ACTION ITEM
Below, some lines carry pictures; leave those pictures out and retype exactly the lines from the one with "197所中学清华北大自主选拔录取方式人数及占比统计" through the one with "Overzicht regio's in Bulgarije".

RECORDS
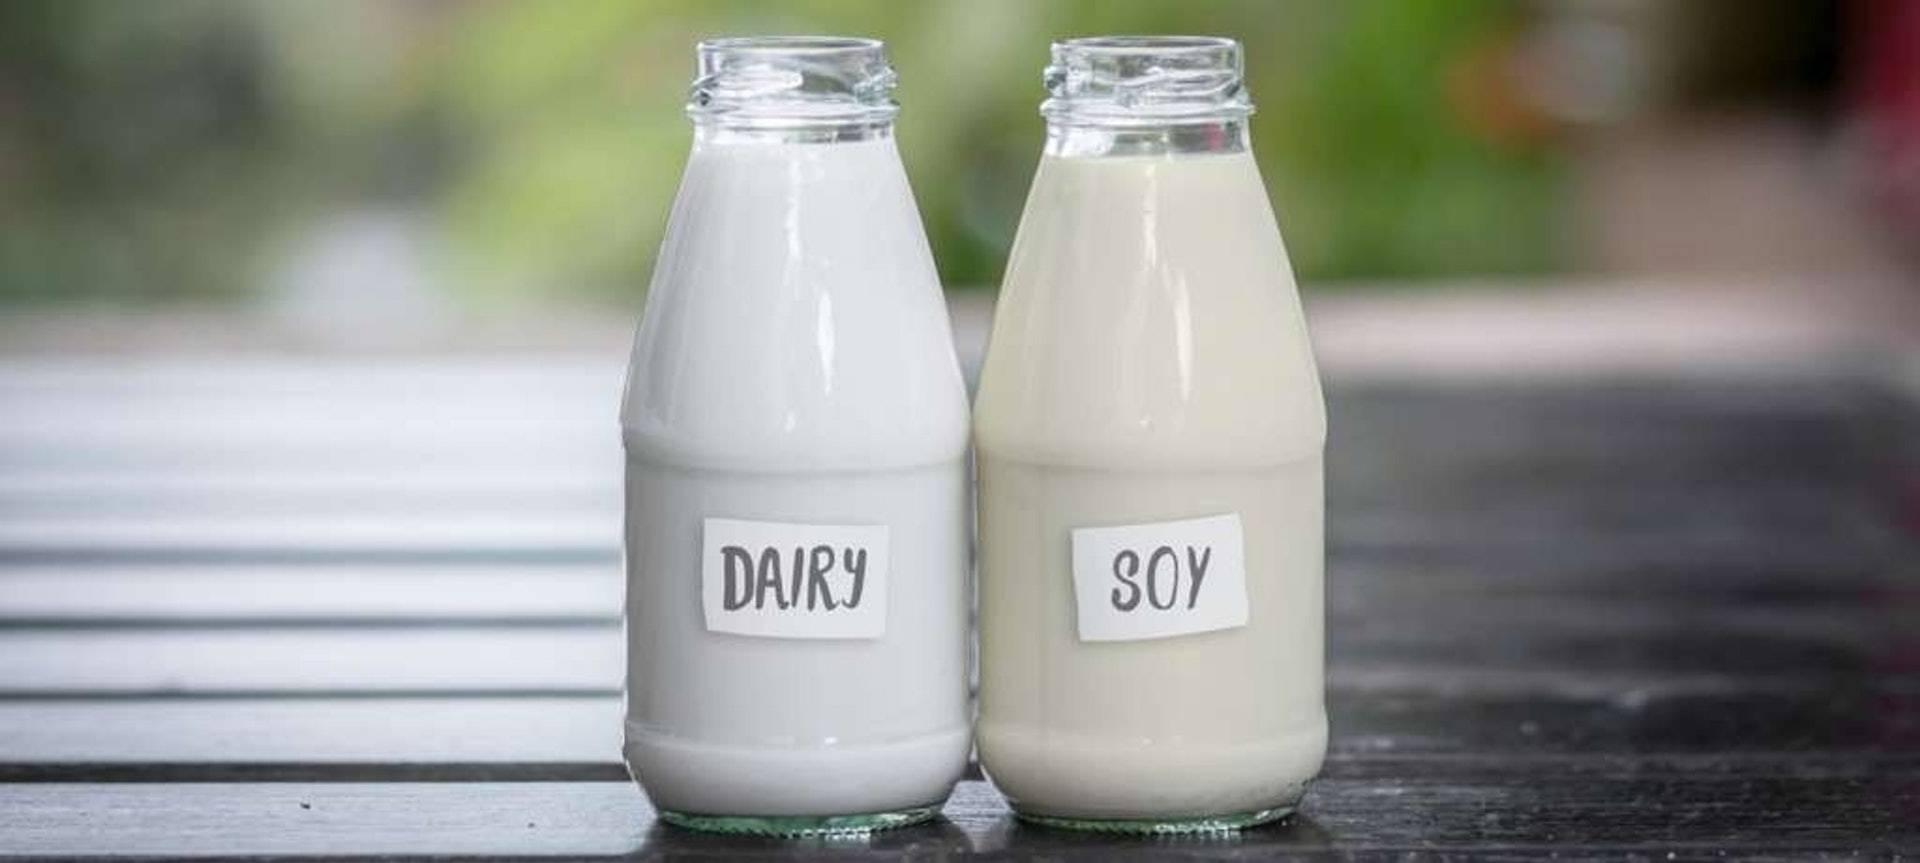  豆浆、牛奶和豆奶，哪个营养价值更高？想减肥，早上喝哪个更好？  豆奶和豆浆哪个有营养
--
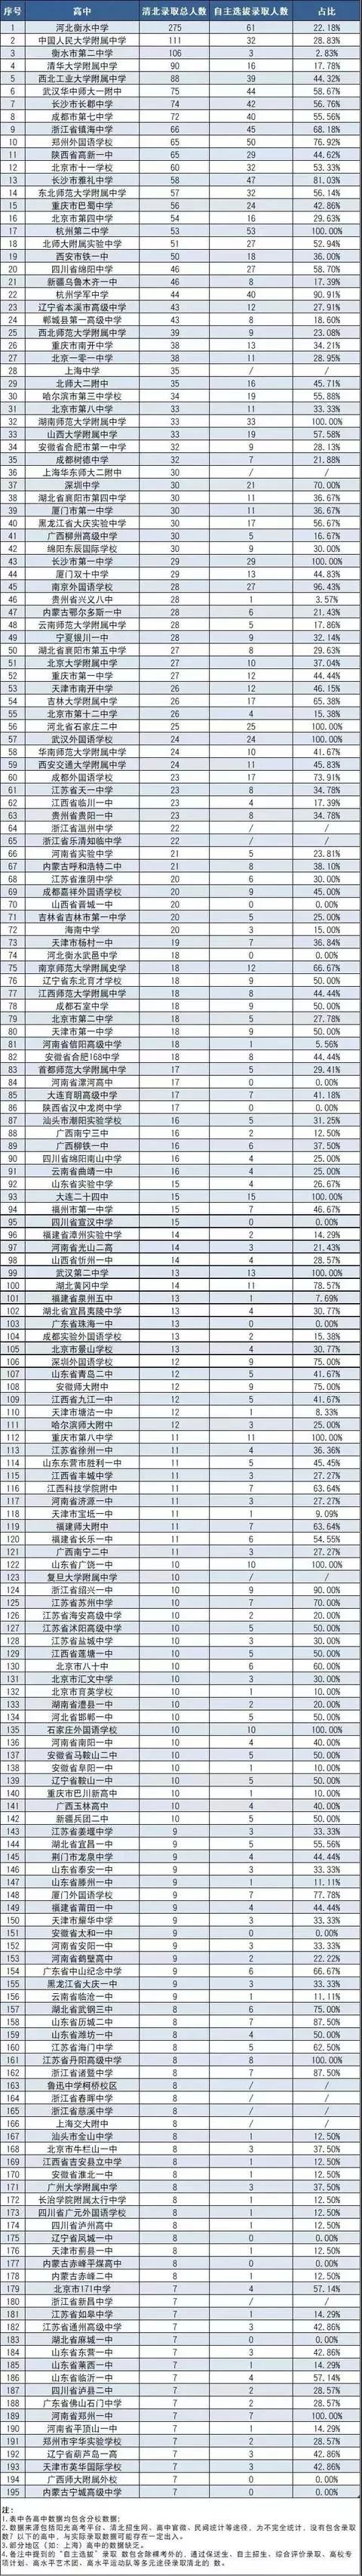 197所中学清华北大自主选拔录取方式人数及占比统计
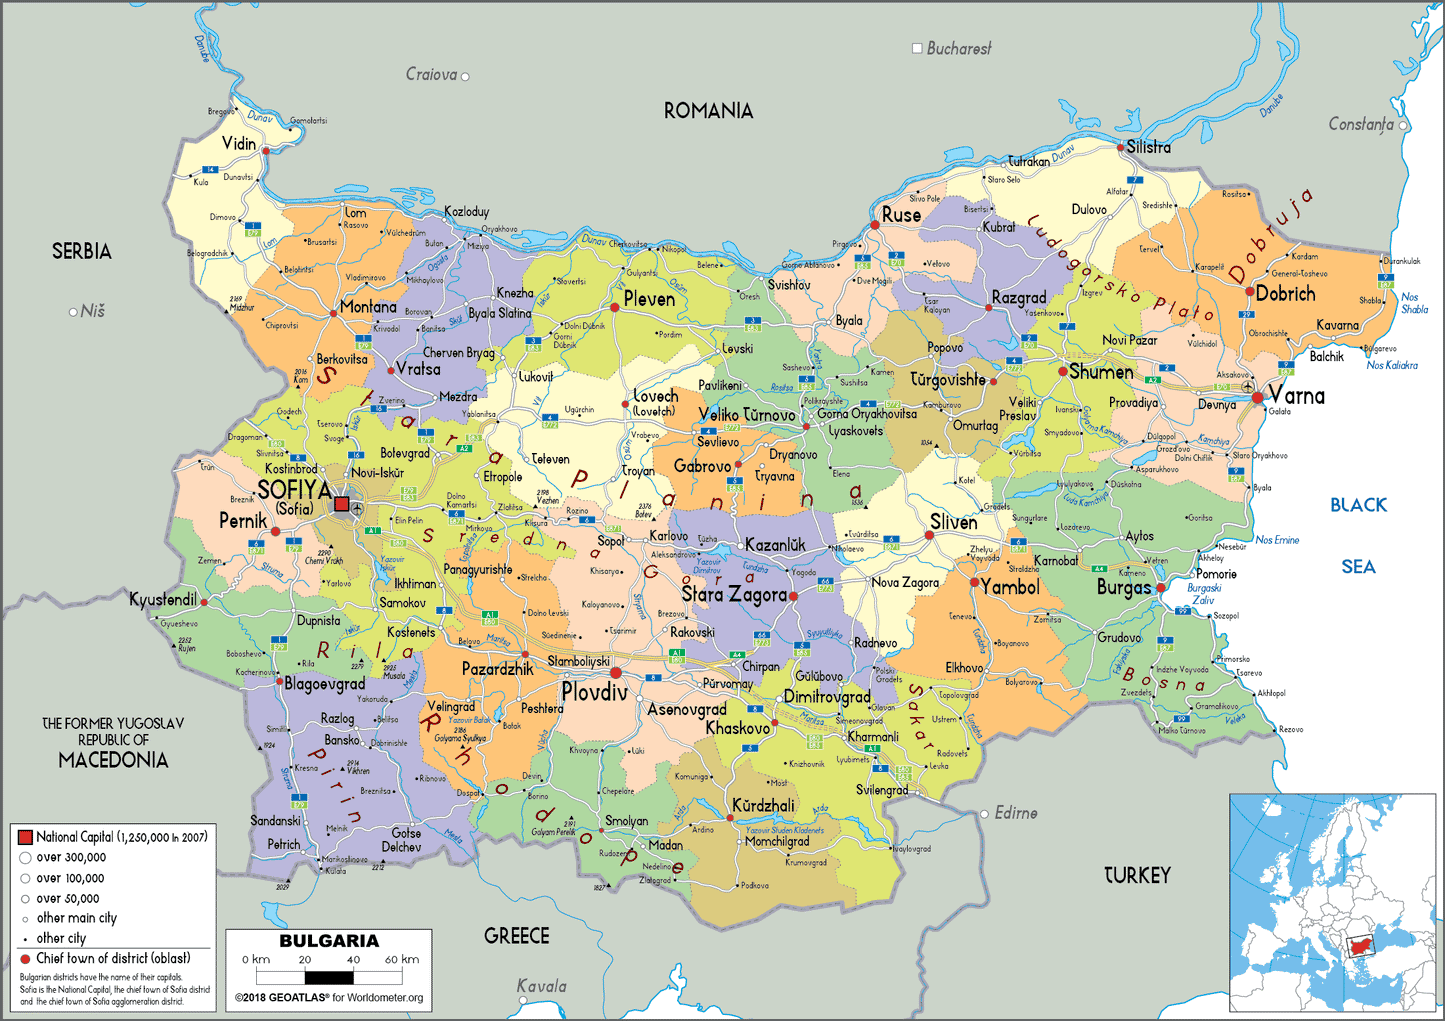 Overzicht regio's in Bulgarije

RESULT OF THE TASK
 197所中学清华北大自主选拔录取方式人数及占比统计
 Overzicht regio's in Bulgarije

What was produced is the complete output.